The Company’s cost of products sold increased by $4.2 million to $37.4 million in 2015 as compared to the prior year, primarily driven by an unfavorable product mix in 2015, with declining fuel average selling prices generating losses. This increase was partly offset by lower sales.

 

Loss on purchase commitments and write-off of property, plant and equipment and other reserves increased by $32.4 million to $34.2 million in 2015 compared to the prior year. The increase was mainly due to an impairment charge associated with the termination of a production joint venture and indirect tax reserves.

 

The Company’s loss on impairment of intangible assets of $5.5 million was a result of the impairment of in-process research and development assets related to a 2011 acquisition.

 

The Company’s total research & development and sales, general & administrative expenses declined by $4.2 million to $100.9 million in 2015 compared to the prior year, primarily as a result of overall cost reduction efforts and lower spending to manage operating costs.

 

The Company’s total other income (expense) was a $64.9 million net expense in 2015, compared to a $105.4 million net income in 2014. The decrease in net income of $170.3 million was primarily attributable to decreases in gains from change in fair value of derivative instruments of $127.9 million based on the compound embedded derivative liabilities associated with certain outstanding senior convertible promissory notes, change in fair value of the Company’s interest rate swap derivative liability, and increases of $49.9 million in interest expense associated with the Company’s acceleration of accretion of debt discount, all of which was offset by a decrease in losses from the extinguishment of debt of $9.4 million.
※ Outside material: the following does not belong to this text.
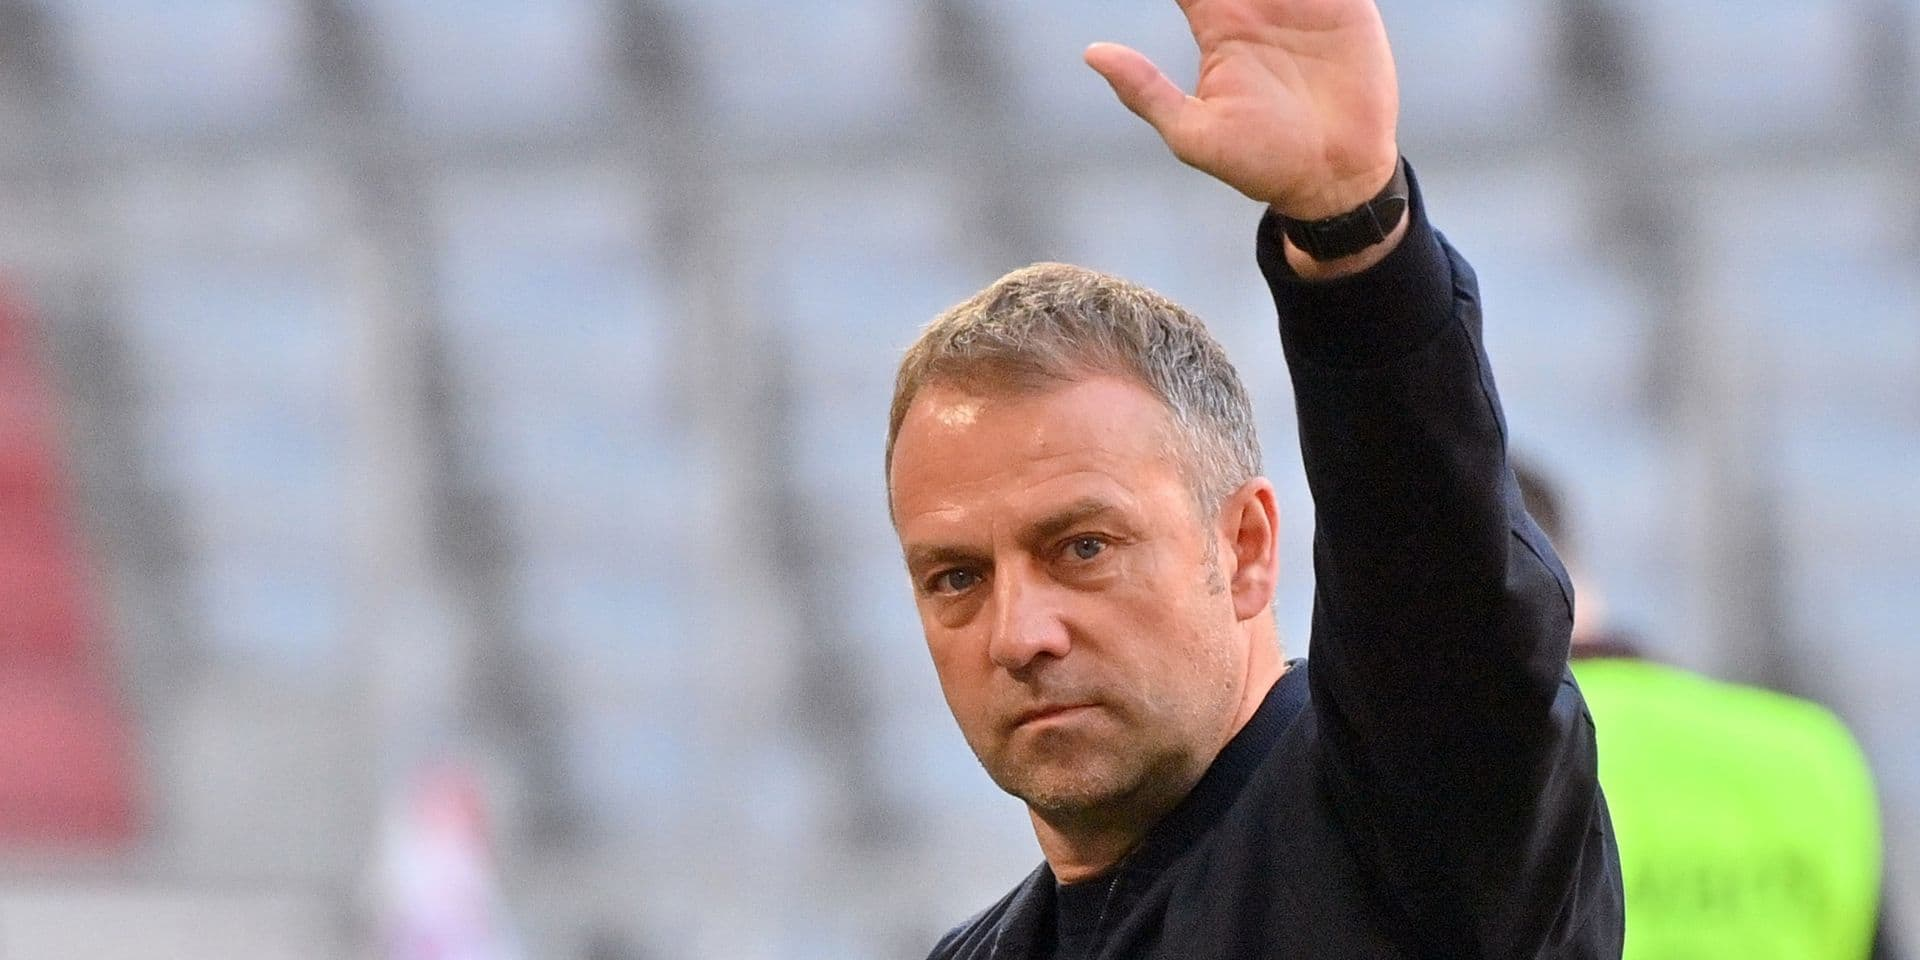 Hansi Flick succèdera à Joachim Löw comme sélectionneur de l'Allemagne après l'Euro
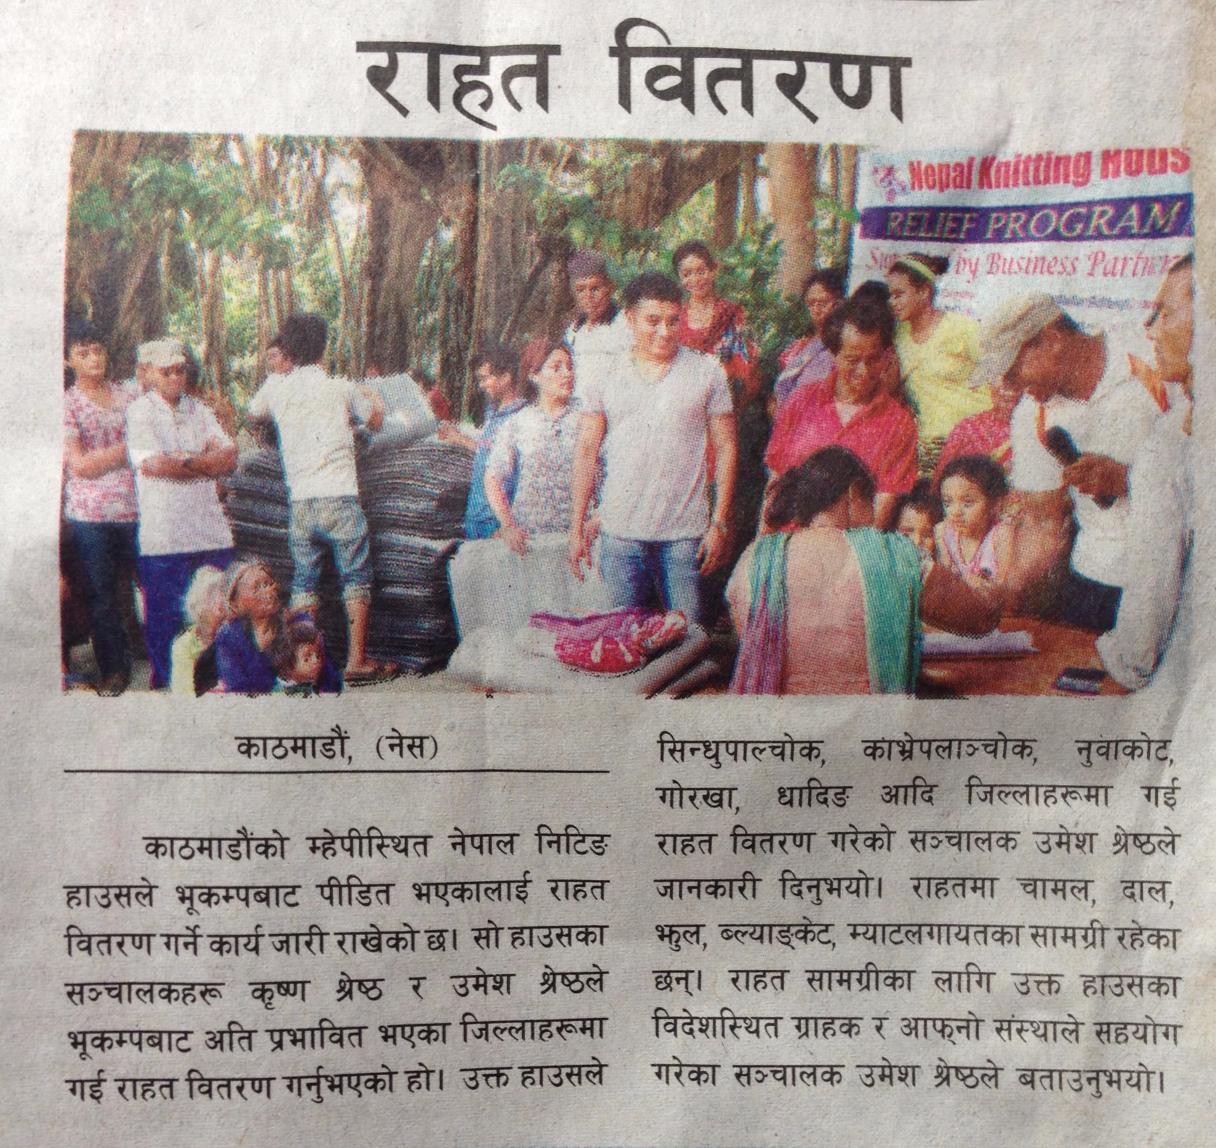 NKH - Relief Program

The Company’s 2015 GAAP net income attributable to common stockholders was a net loss of $218.0 million ($1.75 per share on a basic basis) compared to net income of $2.3 million ($0.03 per share on a basic basis) in the prior year. Net loss per diluted share for the fourth quarter of 2015 was $0.30 (revised from a net loss of $0.28 per diluted share as previously reported in the earnings press release furnished as an exhibit to the Company’s Current Report on Form 8-K filed on March 9, 2016).

 

The Company’s balance of cash, cash equivalents and marketable securities at December 31, 2015 was $13.5 million.